Treatment and Prevention Tips on Poison Ivy
Dr. Michael Gabriel, a Staten Island pediatrician, provides advice on how to avoid poison ivy plants and treat or prevent rashes.
According to an article published by KidsHealth.org, poison ivy, poison oak, and poison sumac all contain the same oily substance that causes rashes: urushiol. Recognizing oily plants during different parts of the year is important because they can look different depending on the season.
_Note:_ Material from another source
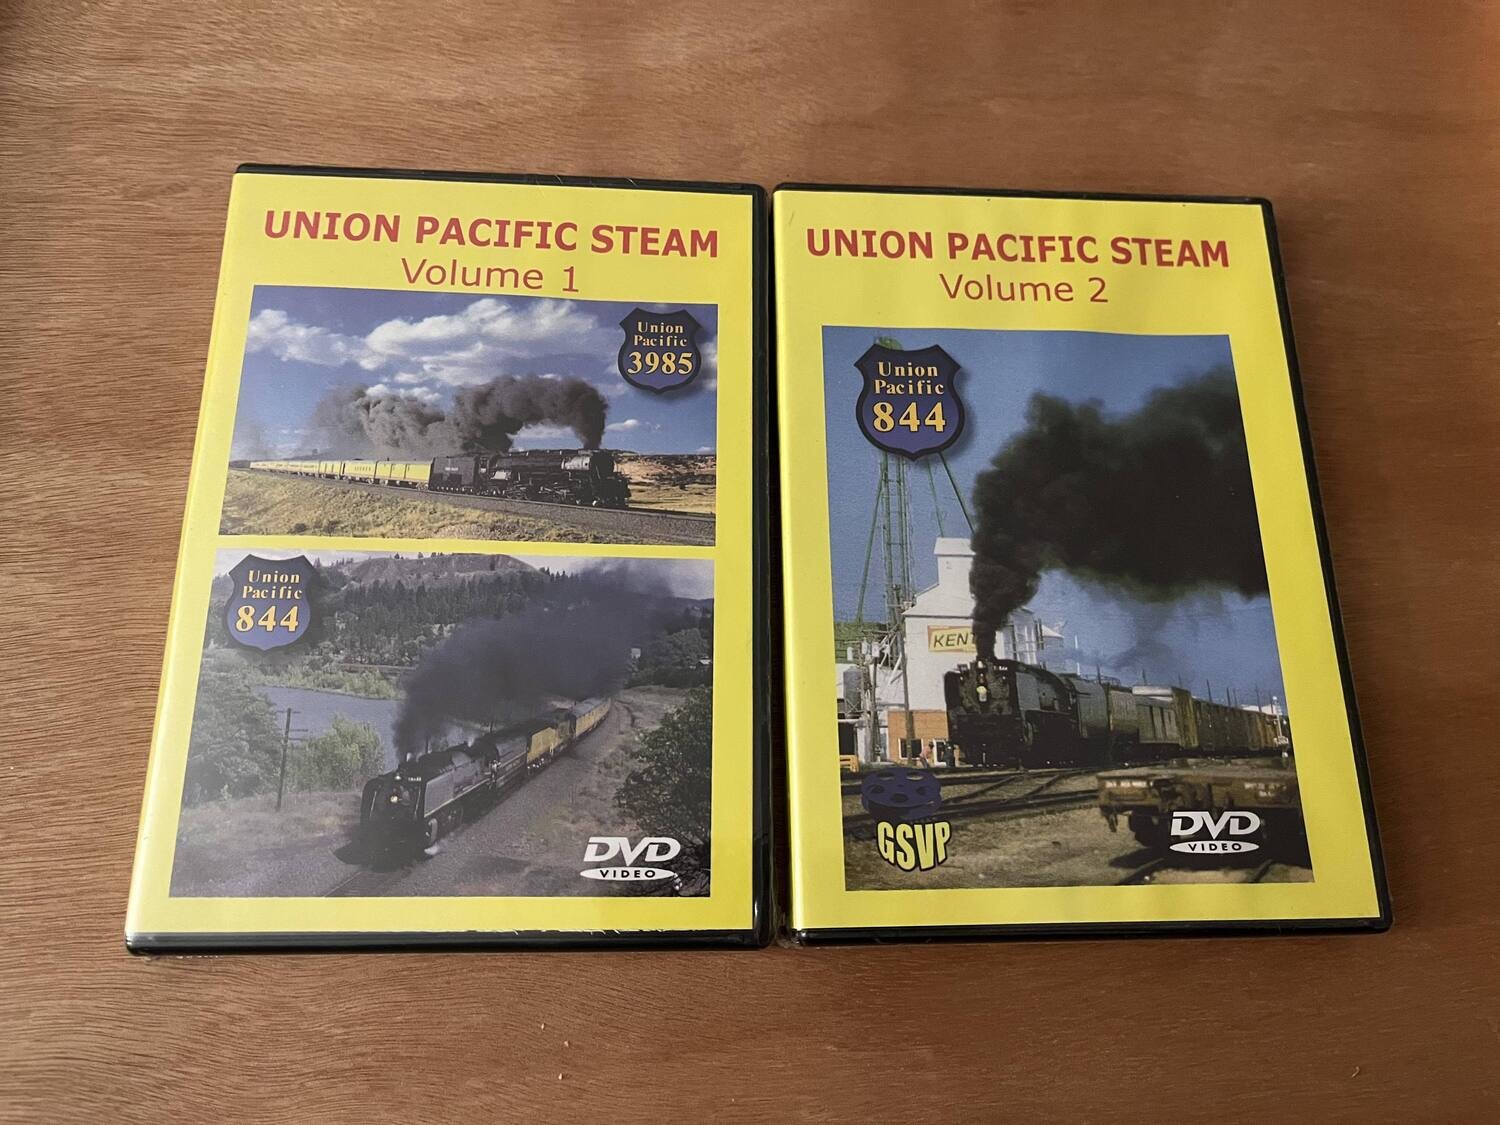 Union Pacific Steam - Volume 1 and 2 Combo

Poison ivy can often be red during the spring, green during the summer, and brown during the fall.
An allergic reaction to poisonous plants occurs for 60 to 80 percent of people within hours, or as late as 5 days after coming in contact with a plant. Poison ivy can often be prevented, according to the article. Avoiding areas where poison ivy is present is the key way to prevent poison ivy rashes, along with learning to identify plants and wearing proper clothing when engaging in outdoor activity.
Dr. Michael Gabriel of GPM Pediatrics, a Staten Island pediatrics center, says that poison ivy season is in full swing. "Poison ivy can be very dangerous for children, especially because they have very sensitive skin. I advise parents to teach their children how to identify poisonous plants and the risks associated with them," he says, and he urges parents to have their children shower after outdoor activity near plants but not to give baths. "Giving a bath can spread the oils around the tub and can make the condition worse."
Dr. Gabriel says that once poison ivy is contracted, it is very difficult to get rid of and can be uncomfortable. "Calmine lotion is popular but has mixed results. If the condition gets severe for your child, you must contact your local pediatrician to get the proper treatment," Gabriel explains. "Be aware of any outdoor pets that your family has as well. Dogs often rub up against poison ivy and the oils can transfer to your kids."